You might have seen our holiday greeting card, A Christmas Gory. We sent a special box to 265 friends and clients pointing to the Christmas Gory website. As of today, over 100,000 people have visited the site - and it's been covered by BoingBoing, EBaumsworld, iFilm, The SF Chronicle, About.com, America Online, and hundreds of other online media outlets. Admitedly, 100K is a smaller audience than even some of our own client's sites - and only a small-scale success when compared to legendary virals - but still absolutely amazing considering the original audience of 265. I mean, it's just a christmas card, right?
Here's five things that we believe made our production a successful viral promotion:
1. A timely message. Obviously, a holiday themed site is timely during the holidays. We launched our site in the first few days of December, to maximize the amount of time that the message would be deemed valid. In retrospect, (and if we were ready in time), we could have launched on the day after Thanksgiving. When a viral communication is snowballing, every day counts - and we only had 25 days in December. While this is obvious during the holiday season, the same can be said during any other part of the year. Make sure your message is topical in some way. Perhaps it could tie to a current trend, something hot in the media, a popular television show, or some other seasonal event. Think JibJab.

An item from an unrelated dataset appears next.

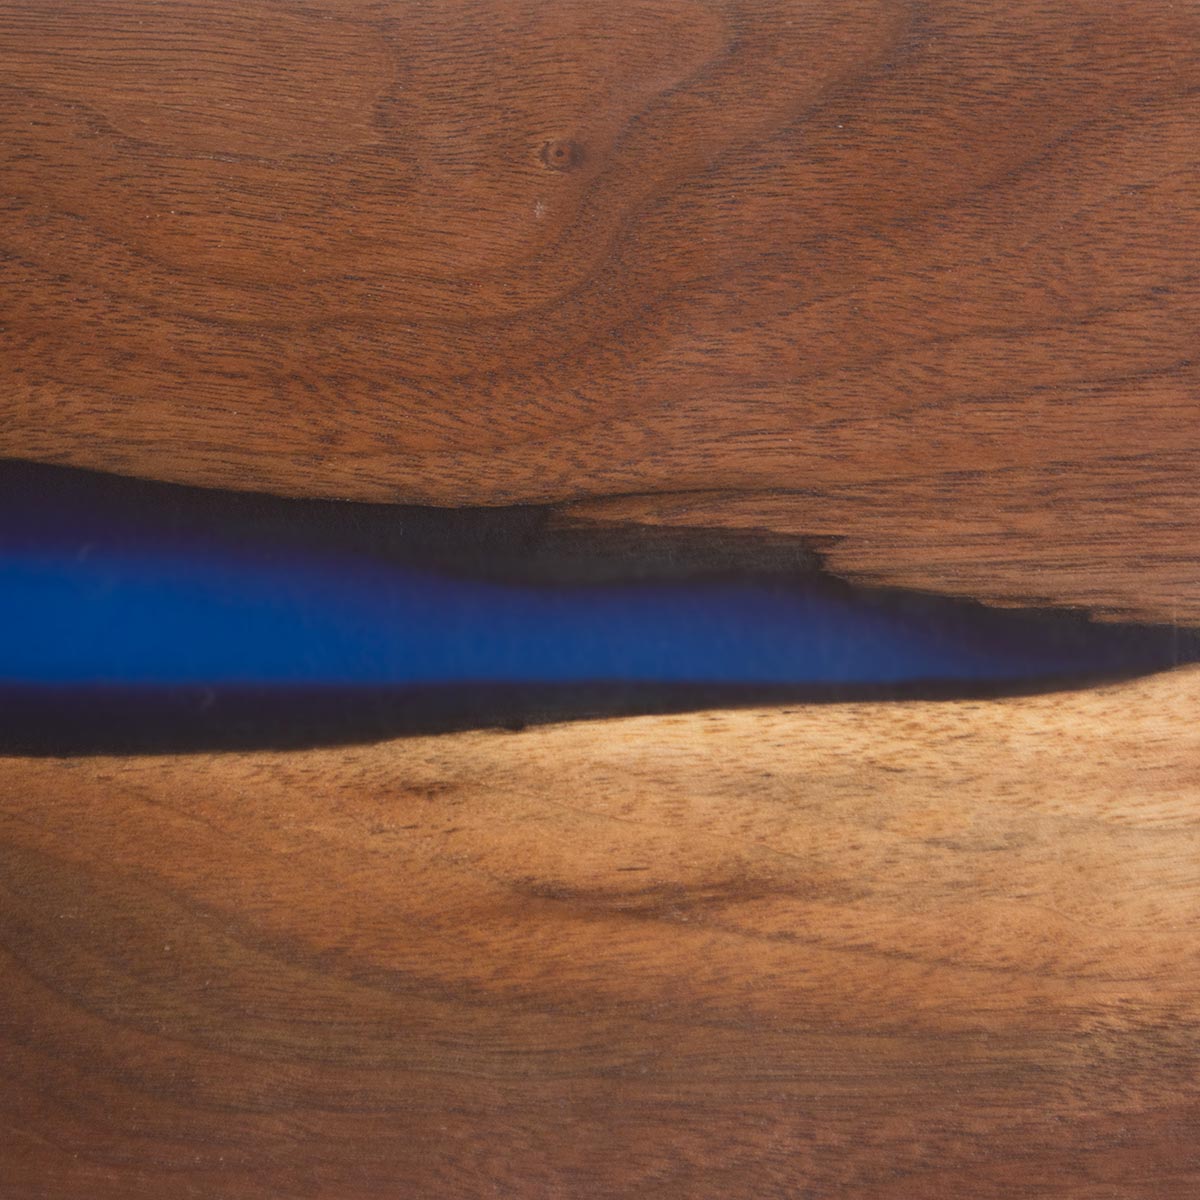 walnut wood grain close up view of a magnetic knife holder made with epoxy resin and live edge wood

2. Cool factor counts. Your message can't speak to everyone. We chose a cult film, popular with geeks, marketing types and pop culture enthusiasts. Some people on our original mailing list no doubt said "what the F is this?" (In fact, a few people really did call us and ask.) If we tried to please everyone, we'd please no one. Our production struck a chord with a select audience - on a few levels. Geek sites covered it for it's value as a "mashup." Pop culture and humor sites covered it for its satirical value. And advertising industry sites covered it as a unique agency promotion. We were able to create something that felt cool to a variety of focused audiences, which resulted in a more diverse distribution.

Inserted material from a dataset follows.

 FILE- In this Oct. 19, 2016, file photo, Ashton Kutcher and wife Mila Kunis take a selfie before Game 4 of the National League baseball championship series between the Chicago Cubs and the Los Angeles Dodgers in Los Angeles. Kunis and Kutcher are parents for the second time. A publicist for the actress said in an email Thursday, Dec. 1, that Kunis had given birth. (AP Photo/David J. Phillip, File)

3. Safe for work. Realize that the majority of your distribution will happen in the workplace. Many developers believe only the most over the top productions will go viral. But think about it. When was the last time you sent something with boobies in it to everyone else in your office? I can think of only a handful of succesful non-work safe viral examples (Paris Hilton, Tommy & Pamela, etc). But I can can give you a list a mile long of virals that are "work safe." This is also important to the timing of your release. Over a weekend, a funny site can be forgotten about, and lose steam. Release it on a Monday, and you've got an entire week to grow, before losing a couple of day's momentum.
4. Seed it, and if it's good, it will grow. There's a little secret sauce here. We've developed some fairly successful methods of getting a site noticed online. (Hire us, and we'll tell you more.) We've seeded unsuccessful virals too - and we've learned that seeding alone isn't the answer. Putting a product into a retail store doesn't move it off the shelves - and that's true on the internet as well. The message has to be just right - and if it is, it will take flight. If it doesn't hit home with a particular audience, it's just going to sit there on the shelf.
5. Promote at every opportunity. We built some site promotion into our piece - with AOL instant messenger icons, send to a friend options, wallpapers, etc. But we also used them. Everyone in our office (and some of our friends) used the AOL screen icons. We included a link in our email signatures. We blogged about it. Every company resource for getting the url out there was utilized.
There are absolutely no guarantees on the internet. Dumb luck helps as much as any of the above tips. And we've all seen brilliant work go unnoticed. But we also see promotions every day that don't meet these basic criteria. So be brilliant. Go viral. Or hire a good agency to do it all for you ;-)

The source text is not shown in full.